The Albany Fish Traps, also known as the Oyster Harbour Fish Traps, are a series of fish traps situated in Oyster Harbour near the mouth of the Kalgan River approximately 14 km east of Albany in the Great Southern region of Western Australia.

The traps were constructed by the Menang peoples and are over 7,500 years old. The area is sacred to the Menang and was once a corroboree area that was mostly used during the warmer months. The low loose stone walls of the traps are on the northern shore of Oyster Harbour and are back by a steep hill. As the tide moved the fish would be stranded inside the courses of the stones, which were topped with brush, then collected at low tide.

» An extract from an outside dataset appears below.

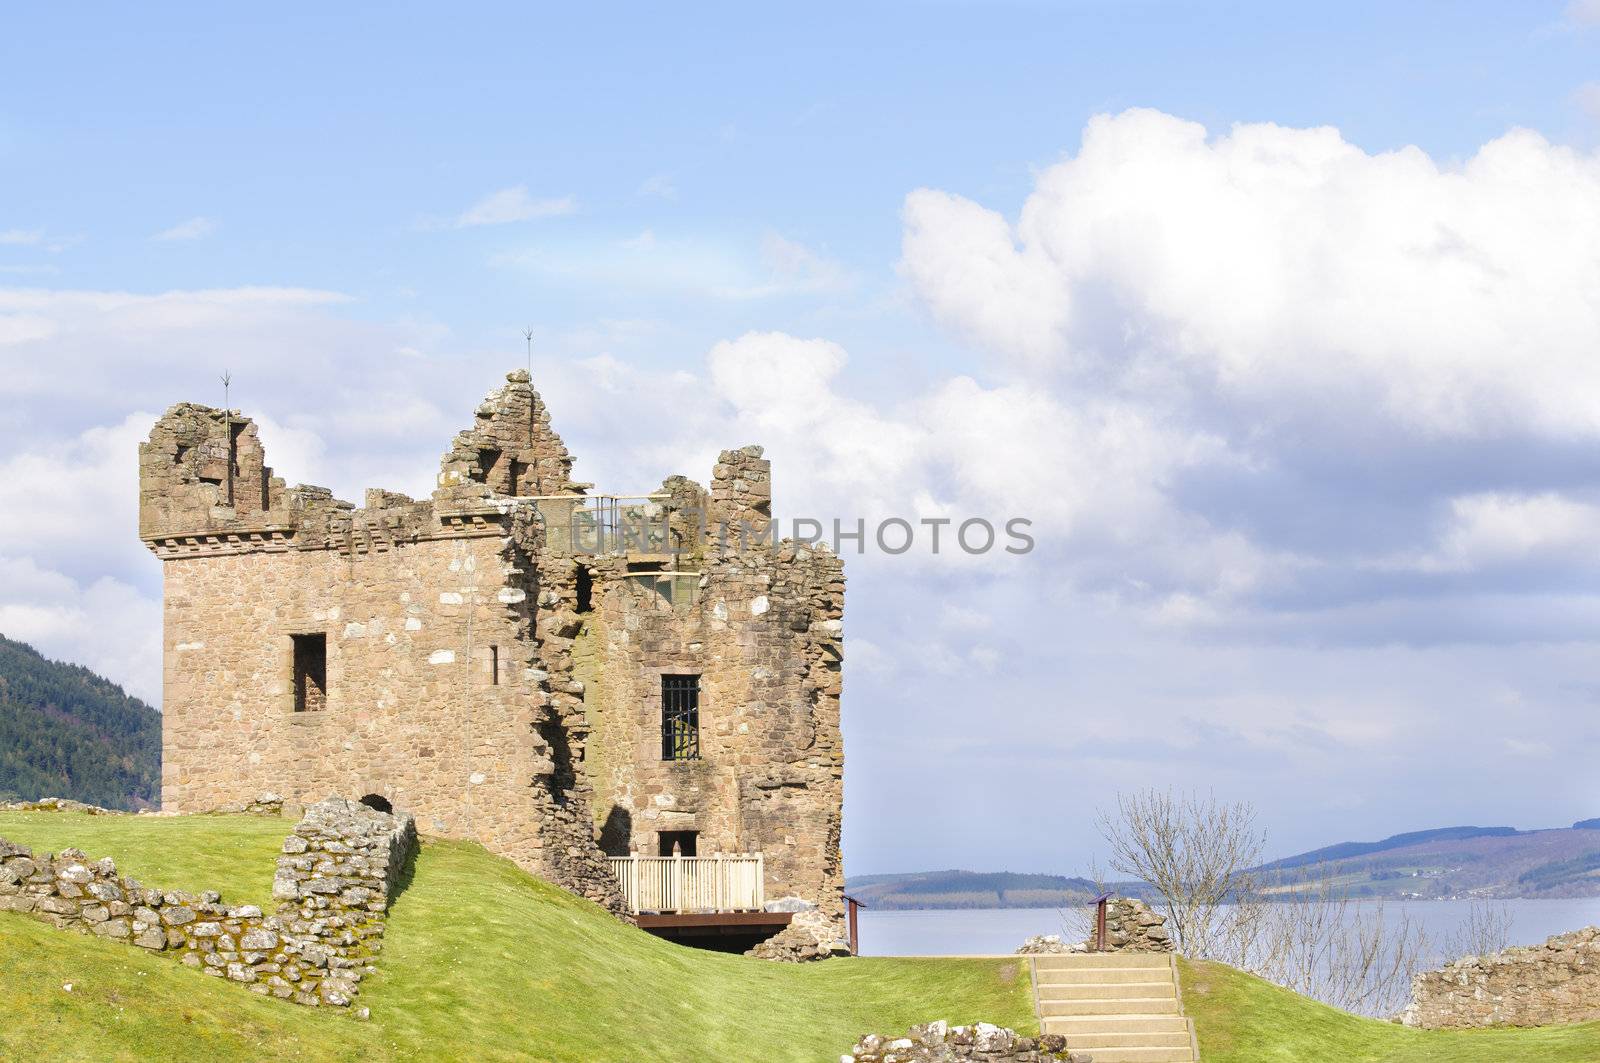 Urquhart Castle on Loch Ness in Scotland  by jeffbanke

Arranged in a crescent shape the traps are composed of eight separate weirs each consisting of thousands of stones. The area occupies an area of approximately 800 m2; excavation of a 1 m section revealed 80 stones were used in that section.

Only visible at low tide the traps were described by George Vancouver in 1791. Nicolas Baudin described the traps during his expedition of 1803 as did Philip Parker King in 1818. All of the stones used in the traps are dark, almost black, lateritic material found naturally on the shoreline.

The site was vested in the National Trust in the 1966, and was in the first group of sites to be declared as Protected Areas under the Aboriginal Heritage Act 1972 when they were gazetted in 1973.

At the request of the traditional owners a series of minor excavations were carried out by archeologists from 2000 to 2006.

The site was returned to the Menang people through the Albany Heritage Reference Group Aboriginal Corporation in a ceremony in 2009.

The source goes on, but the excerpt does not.